**What this task involves:** Each line of the material must be repeated precisely, with the pictures left out.

**Supplied information:**
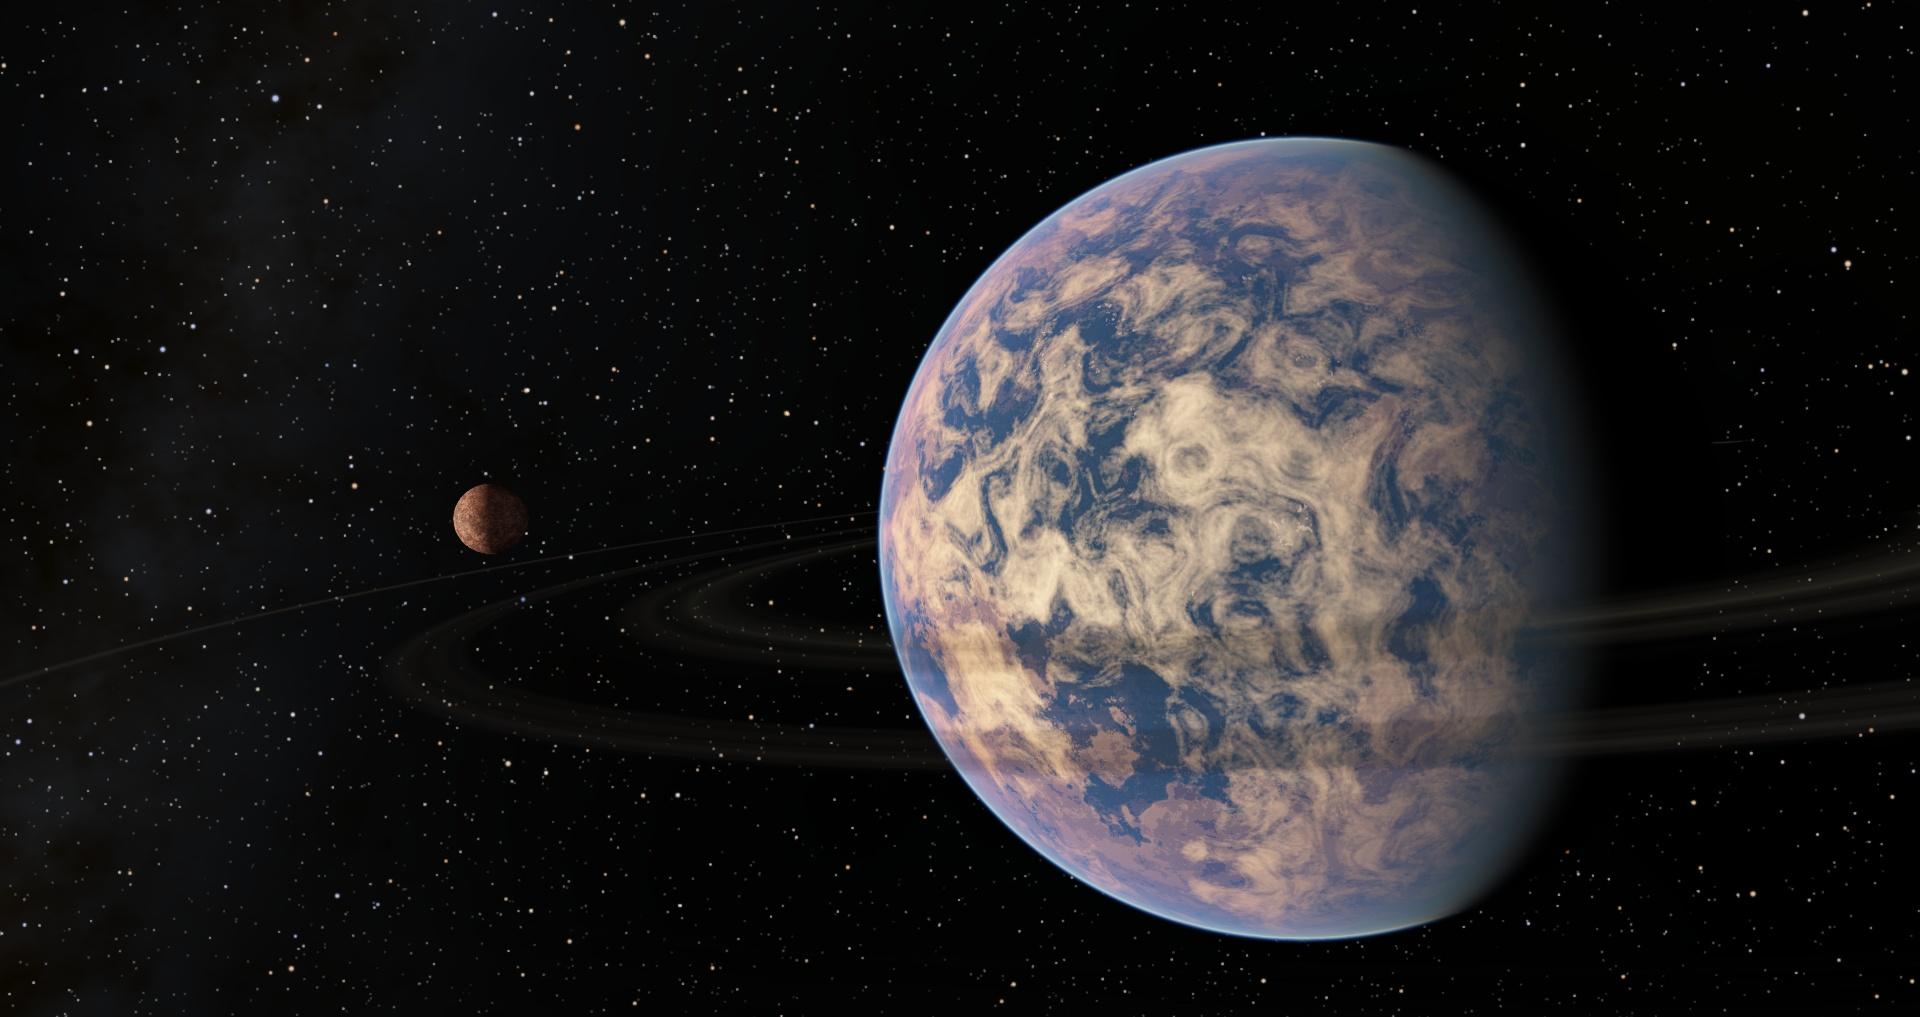 earth like planets kepler 22b - photo #14
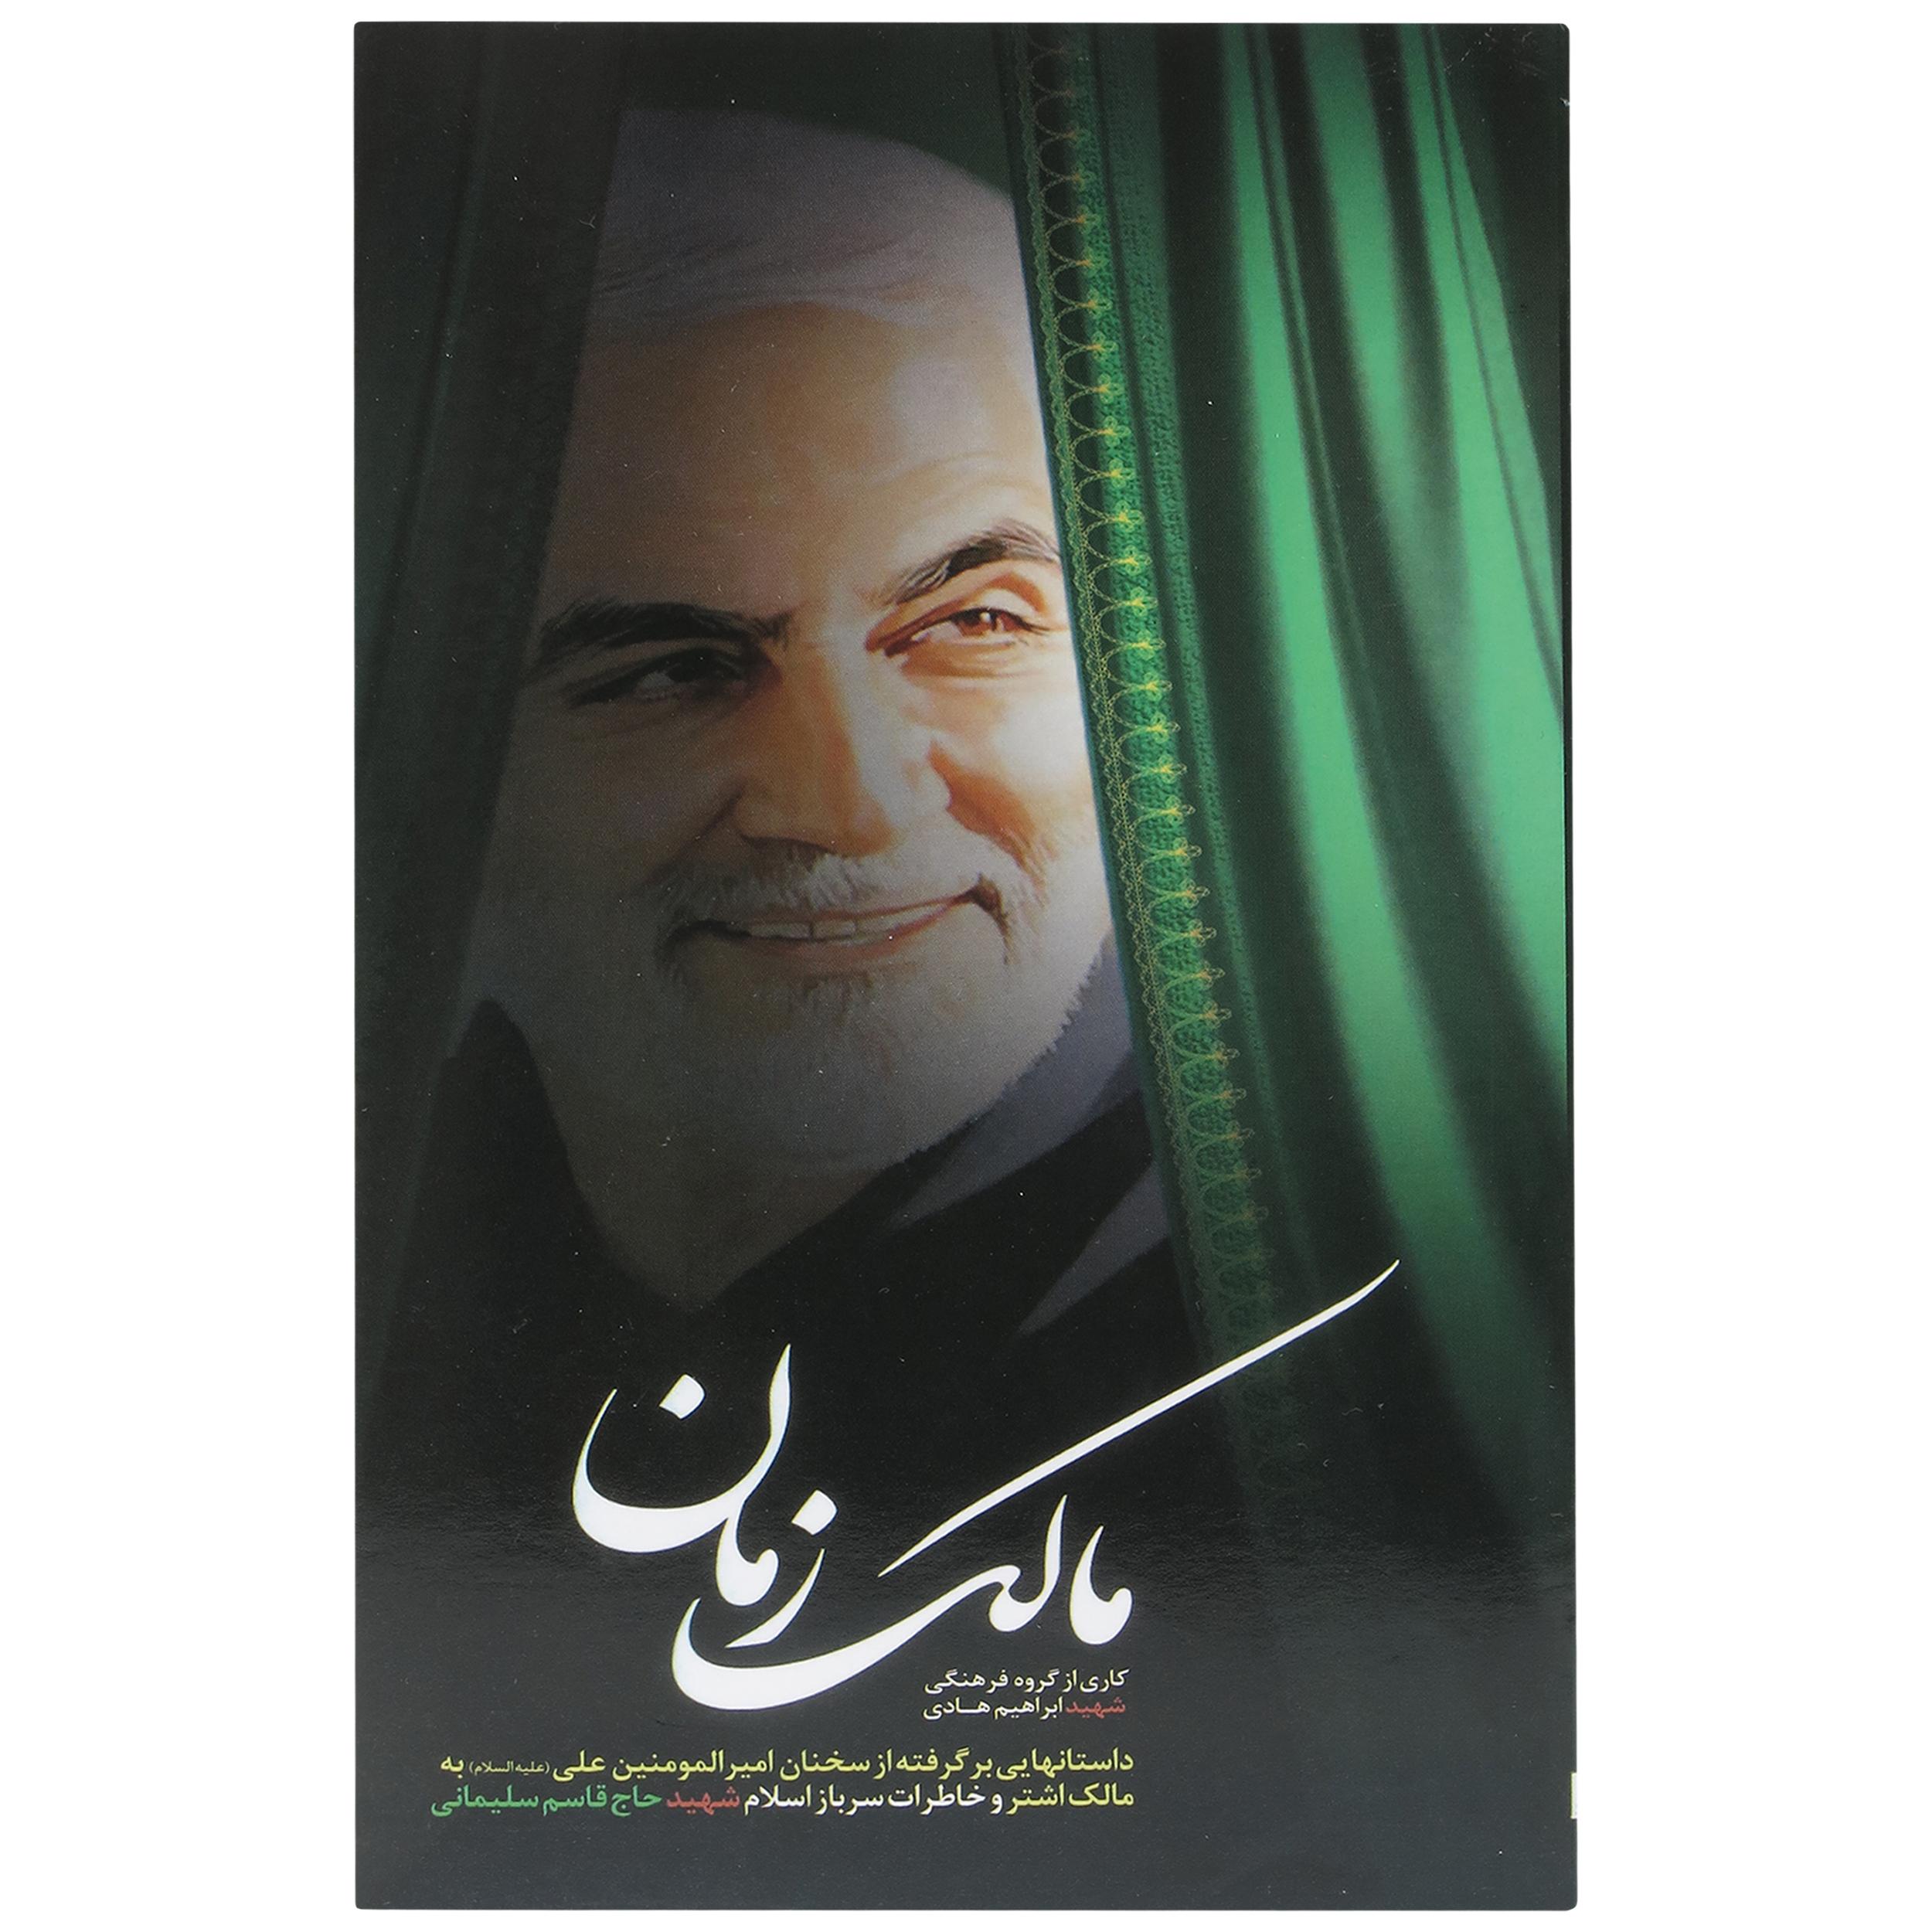 کتاب مالک زمان اثرگروه فرهنگی شهید ابراهیم هادی انتشارات شهید ابراهیم هادی
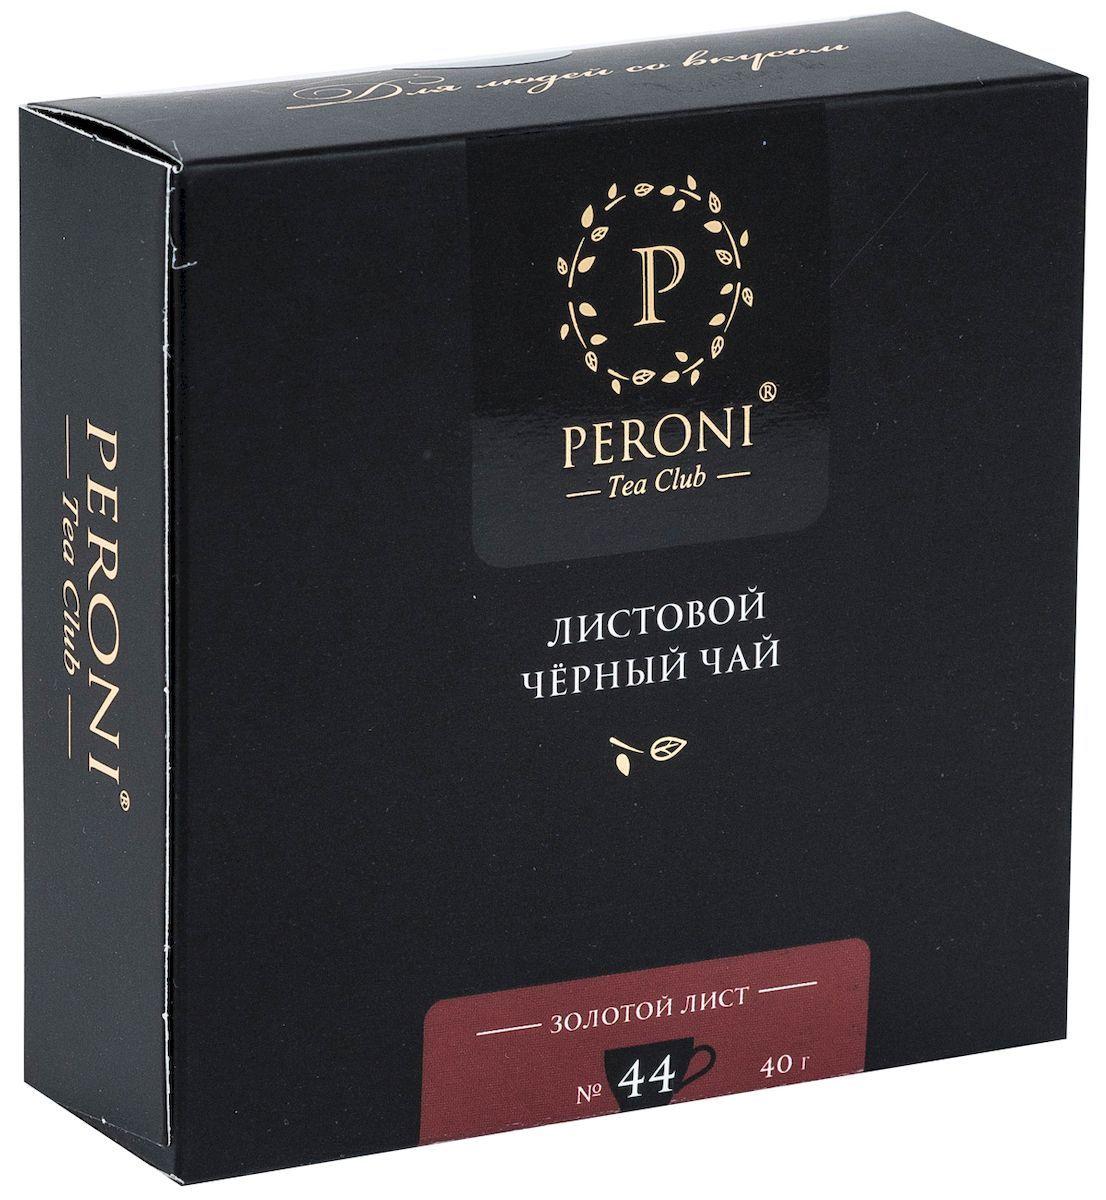 Peroni Золотой лист черный листовой чай, 40 г0120710Изысканный и мощно тонизирующий чай Peroni №44 Золотой лист стремительно и безоговорочно захватывает богатым ароматом и глубочайшим вкусом. Благодаря многогранности аромата и искусству чайных технологов, его вкус вмещает всю палитру категории красных чаев.
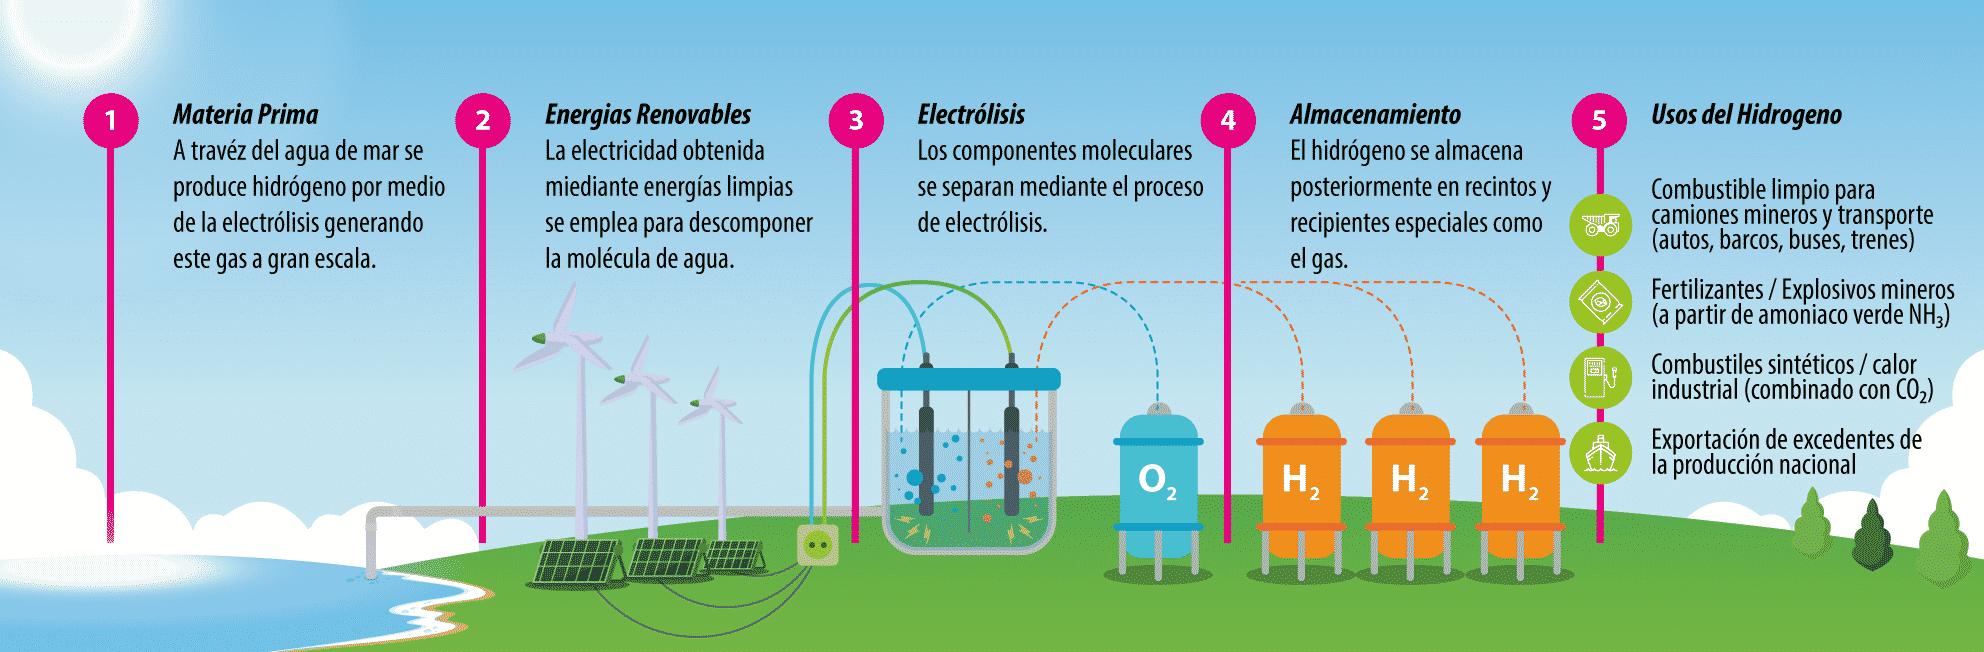 Esquema de funcionamiento de generación de hidrgeno

**Task answer:**
 earth like planets kepler 22b - photo #14
 کتاب مالک زمان اثرگروه فرهنگی شهید ابراهیم هادی انتشارات شهید ابراهیم هادی
 Peroni Золотой лист черный листовой чай, 40 г0120710Изысканный и мощно тонизирующий чай Peroni №44 Золотой лист стремительно и безоговорочно захватывает богатым ароматом и глубочайшим вкусом. Благодаря многогранности аромата и искусству чайных технологов, его вкус вмещает всю палитру категории красных чаев.
 Esquema de funcionamiento de generación de hidrgeno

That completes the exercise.